We hypothesized that dysregulated TCF/β-catenin signaling in the mutant PC-12/L286V cells was responsible for the defective differentiation and neurite outgrowth. To test this hypothesis, we used a recently described specific small-molecule inhibitor of TCF/β-catenin signaling. This small molecule, ICG-001, selectively blocks the β-catenin/CBP interaction but not the β-catenin/p300 interaction, thereby interrupting a subset of TCF/β-catenin-mediated transcription (19). Treatment of the mutant cells with 10 μM ICG-001 in the presence of NGF decreased cyclin D1 reporter gene transcription (Fig. 2B Upper) and message levels (Fig. 2B Lower, compare lanes 5 and 6 to lane 7).
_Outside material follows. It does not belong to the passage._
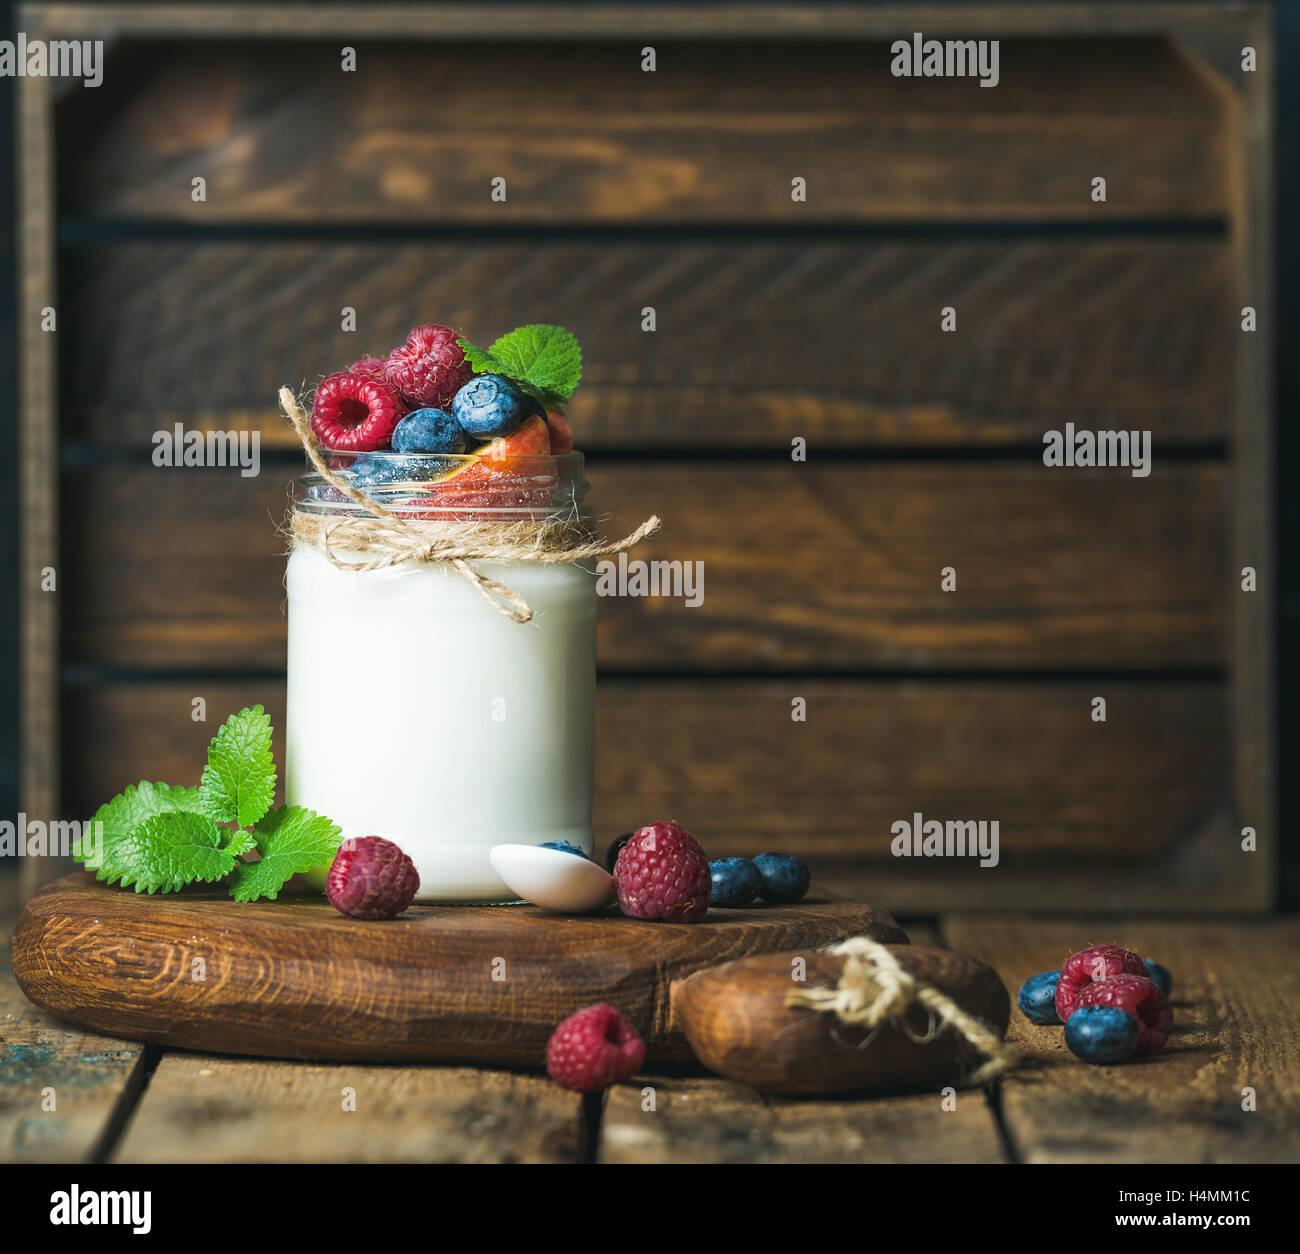 White yogurt in jar with fresh berries, peach, mint leaves - Stock Image

Morphologically, treatment of mutant cells with NGF and 10 μM ICG-001 led to essentially normal neurite outgrowth and differentiation (Fig. 2C), similar to that seen in the vector control and overexpressing PC-12/WT cells (Fig. 1 A and B), as compared with the untreated mutant cells (Fig. 1C). Similarly, short interfering RNA (siRNA) to CBP increased neurite outgrowth in PC-12/L286V cells (Fig. 2D) and decreased cyclin D1 message as judged by real-time RT-PCR (data not shown). To confirm that ICG-001-treated mutant cells develop neurites of similar lengths to the vector control or wild-type cells, we scored neurites that were at least twice the length of the cell body. As can be seen in Fig. 2E, treatment with ICG-001 substantially increased the percentage of cells bearing neurites to levels similar to that of the vector-transfected and overexpressing PS-1 wild-type PC-12 cells. Similarly, ICG-001-treated PC-12/L286V mutants showed similar intense GAP-43 staining (Fig. 1G) to the wild-type and vector-transfected cells (Fig. 1 D and E).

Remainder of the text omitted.